In parallel, a teen program is being piloted. Ksenia believes trust and curiosity for art among young audiences are built early and intentionally. These educational initiatives are not peripheral—they are central to the institution’s identity.
Audience and Accessibility
We aim for democratic dialogue about art.
This is not about simplifying art itself, but the path to it: clear labels that clarify rather than mystify, public programs that deepen understanding, language that invites participation rather than erects barriers. The institution maintains an open platform for proposals from emerging curators and artists, while keeping a coherent programmatic line. It’s a delicate but essential balance.

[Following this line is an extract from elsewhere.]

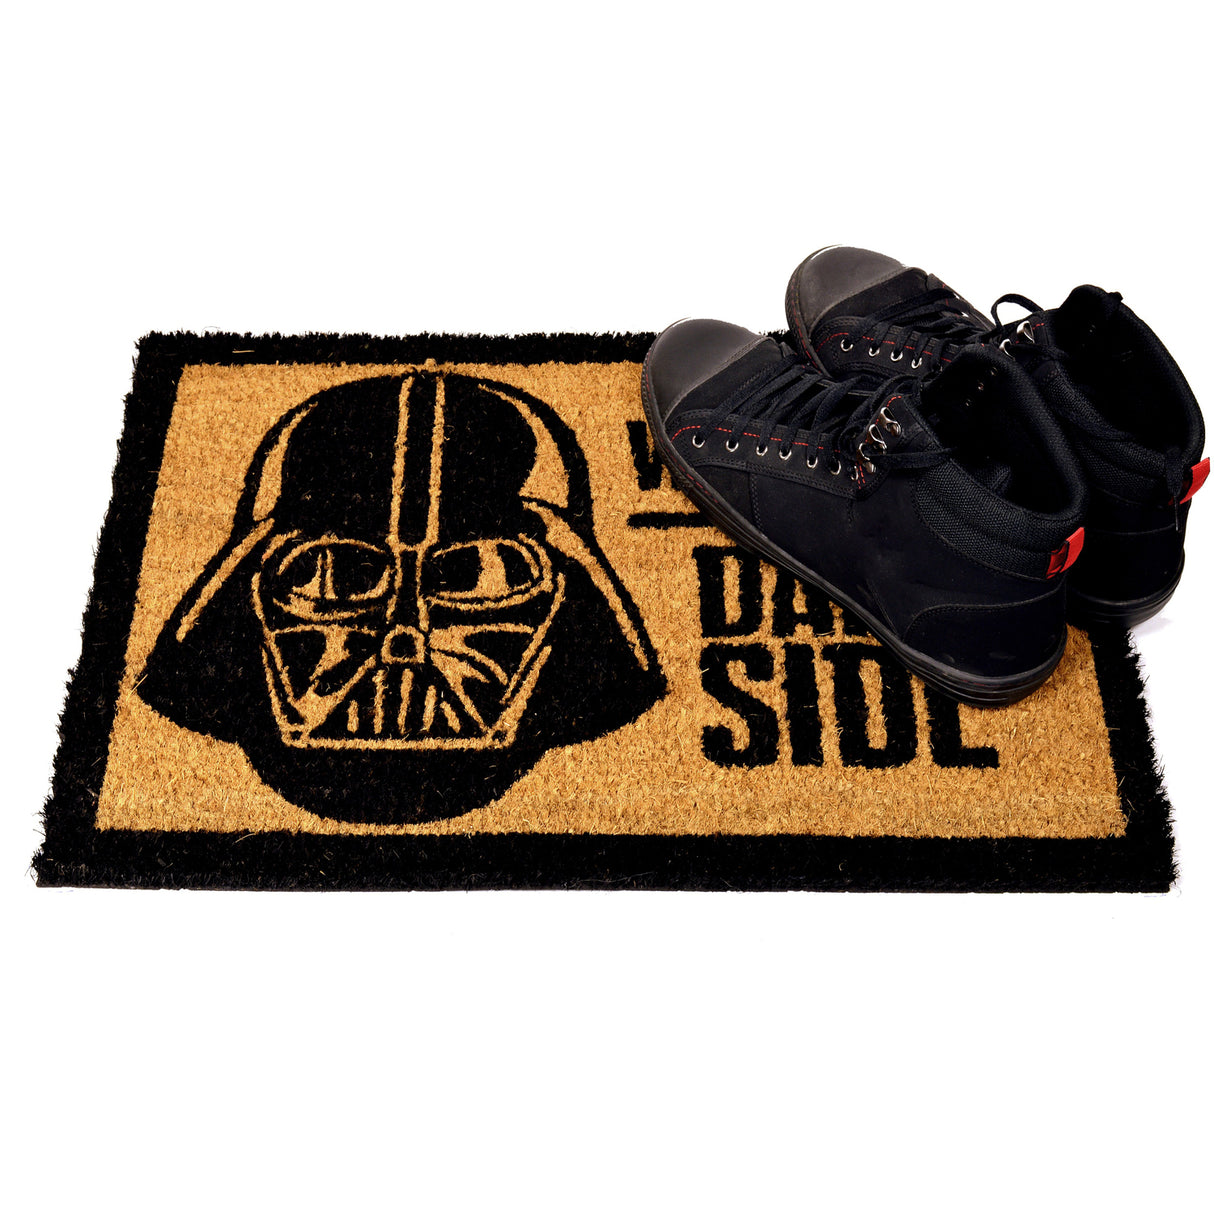 Star Wars - Welcome to the Dark Side Fußmatte

We do not simplify art—we simplify the path to it.
Ethics and Pace
In developing Promprylad’s cultural center, compromises have been applied to pace and pedagogy, but not to values. Some ideas require time and sensitive framing; the team's task is to meet audiences where they are—without diluting content. The war has only intensified these choices: every project is now evaluated for relevance, quality, and responsibility. The criterion is not comfort, but clarity.
Ethical practice does not mean perfection, but honesty about limitations, transparency in decision-making, and genuine willingness to be accountable.

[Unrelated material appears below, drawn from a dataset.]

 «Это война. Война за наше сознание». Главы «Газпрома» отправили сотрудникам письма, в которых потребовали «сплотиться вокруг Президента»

Global Perspective, Local Roots
For sustainable international visibility, Malykh stresses the importance of having state cultural policy work in partnership with independent initiatives. The initial surge of global interest in Ukraine has changed; now, quality, partnerships, and consistency matter most. Ukrainian professionals must articulate and convey their own narratives abroad—not waiting for outside validation, and not operating in isolation.
Simultaneously, institutions at home must develop the capacity to produce new works, provide curatorial support, and help artists between projects. International recognition is important, but local infrastructure is fundamental.
Starting from Zero, as a Team
Upon arriving in Ivano-Frankivsk, Ksenia and her colleagues began with invisible architecture: aligning supporters, forming a board, assembling a team, developing spatial concepts with architects, and designing education-first models of engagement. The first exhibition will open only after this groundwork is complete. In parallel, collaborations with local makerspaces and engineering collectives are being prepared to bring new materials and technologies to artists, strengthening a layer often missing in Ukrainian art education.
Don’t wait for a green light or a perfect wall. Start where you are, and invite others in.